Для бедняков всегда были гостеприимно распахнуты двери дома, всегда наготове угощение и лампы всегда зажжены. Среди этих оборванцев встречались не только несостоятельные должники или больные, которым не нашлось места в переполненных лечебницах, но и голодные актеры, отупевшие от пьянства матросы, арестанты, подобранные у позорного столба со следами кнута на плечах. Подобно Господу, которому угодно, чтобы всякая живая тварь подвизалась на его земле и радовалась его солнцу, Симон Адриансен не выбирал или, вернее, наоборот, из отвращения к законам человеческим выбирал последних среди отверженных. Облаченные самим хозяином в теплую одежду, оробевшие голодранцы рассаживались за столом. Музыканты, скрытые в галерее, услаждали их слух музыкой, подобную которой сулил только рай.

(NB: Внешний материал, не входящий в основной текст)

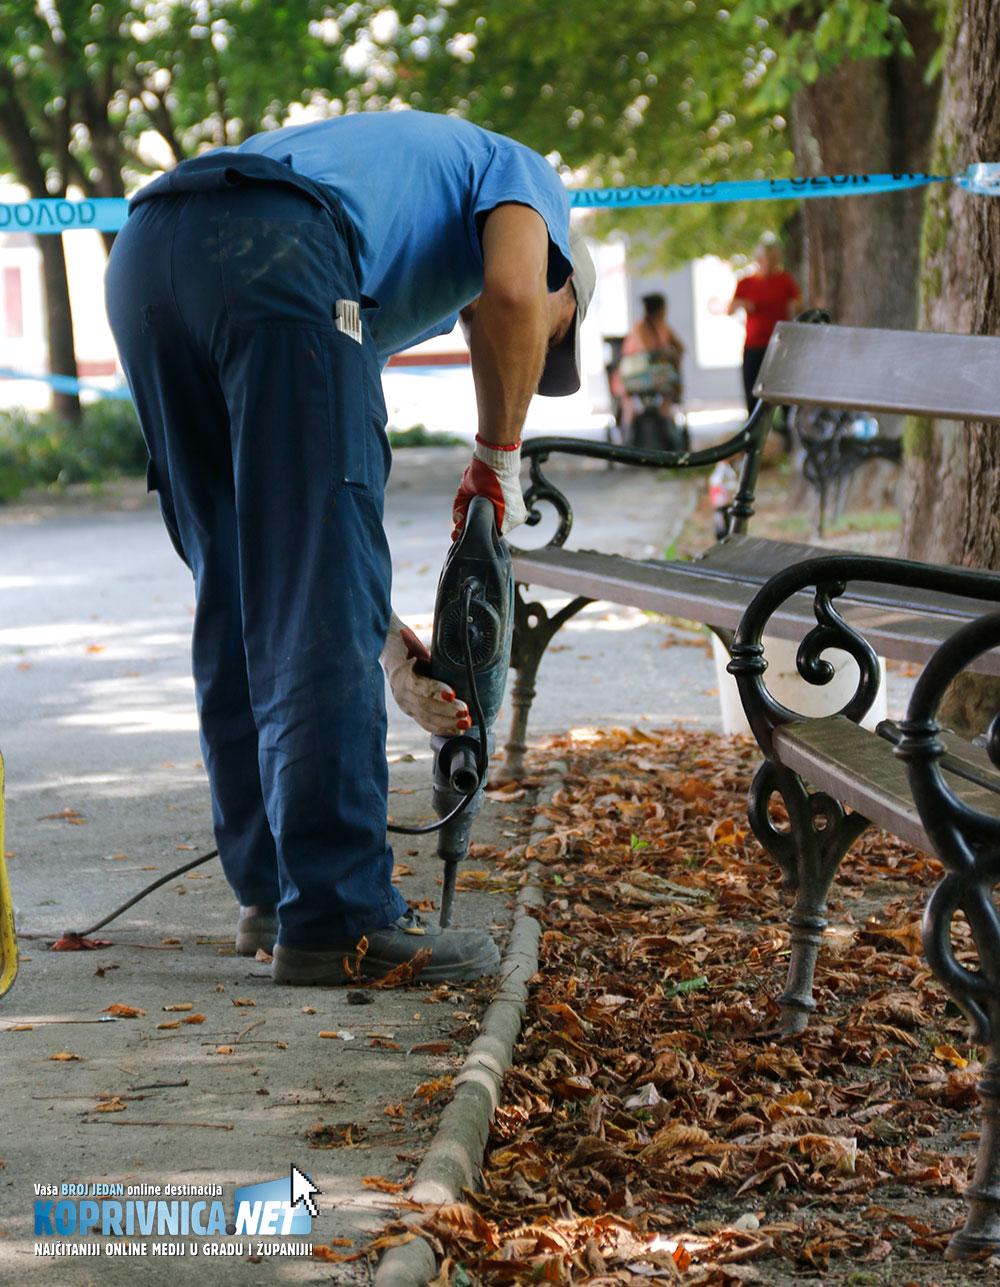 Radovi na stazama uz park bit će dovršeni kroz desetak dana // Foto: Mario Kos

И честь этих гостей Хилзонда надевала свои самые роскошные наряды, придававшие двойную цену ее щедротам, и разливала угощенье серебряным черпаком.
Словно Авраам и Сара, словно Иаков и Рахиль, Симон и его жена двенадцать лет прожили в мире и согласии. Были у них, конечно, и свои горести. Один за другим умерли новорожденные их дети, которых они любили и лелеяли.
— Господь — наш отец. Ему ведомо, что лучше для детей. — Каждый раз говорил Симон, склонив голову.
И этот воистину благочестивый человек учил Хилзонду сладости смирения. Однако у каждого в глубине души таилась печаль. Наконец родилась девочка, которая выжила. С этой поры союз Симона Адриансена с Хилзондой стал союзом братской любви.
Бороздя далекие моря, суда Симона держали курс на Амстердам, но сам он думал о том великом странствии, какое для всех смертных — равно богатых и бедных, неизбежно заканчивается крушением, что выбрасывает их на неведомый берег. Мореплаватели и географы, которые имеете с ним склонялись над компасной картой, составляя лоции для кораблей, были менее близки его сердцу, нежели странники, бредущие к иному миру долиной человечности, проповедники в лохмотьях, пророки, подвергшиеся насмешкам и глумлению на городских площадях, вроде Яна Матиса — одержимого видениями булочника, или Ганса Бокхольда — бродячего комедианта, которого Симон подобрал однажды вечером, когда тот замерзал на пороге какой-то харчевни, и который служил Царству Духа как ярмарочный зазывала. Смиреннее всех гостей Симона, намеренно тая великую свою ученость и напуская на себя придурь, дабы легче проникнуться боговдохновением, держался Бернард Ротман в своем старом подбитом мехом плаще; когда-то любимейший ученик Лютера, он теперь поносил виттенбергского наставника, этого лжеправедника, который одной рукой ласкает овечку-бедняка, а другой голубит богача волка и слабодушно завяз между истиной и заблуждением.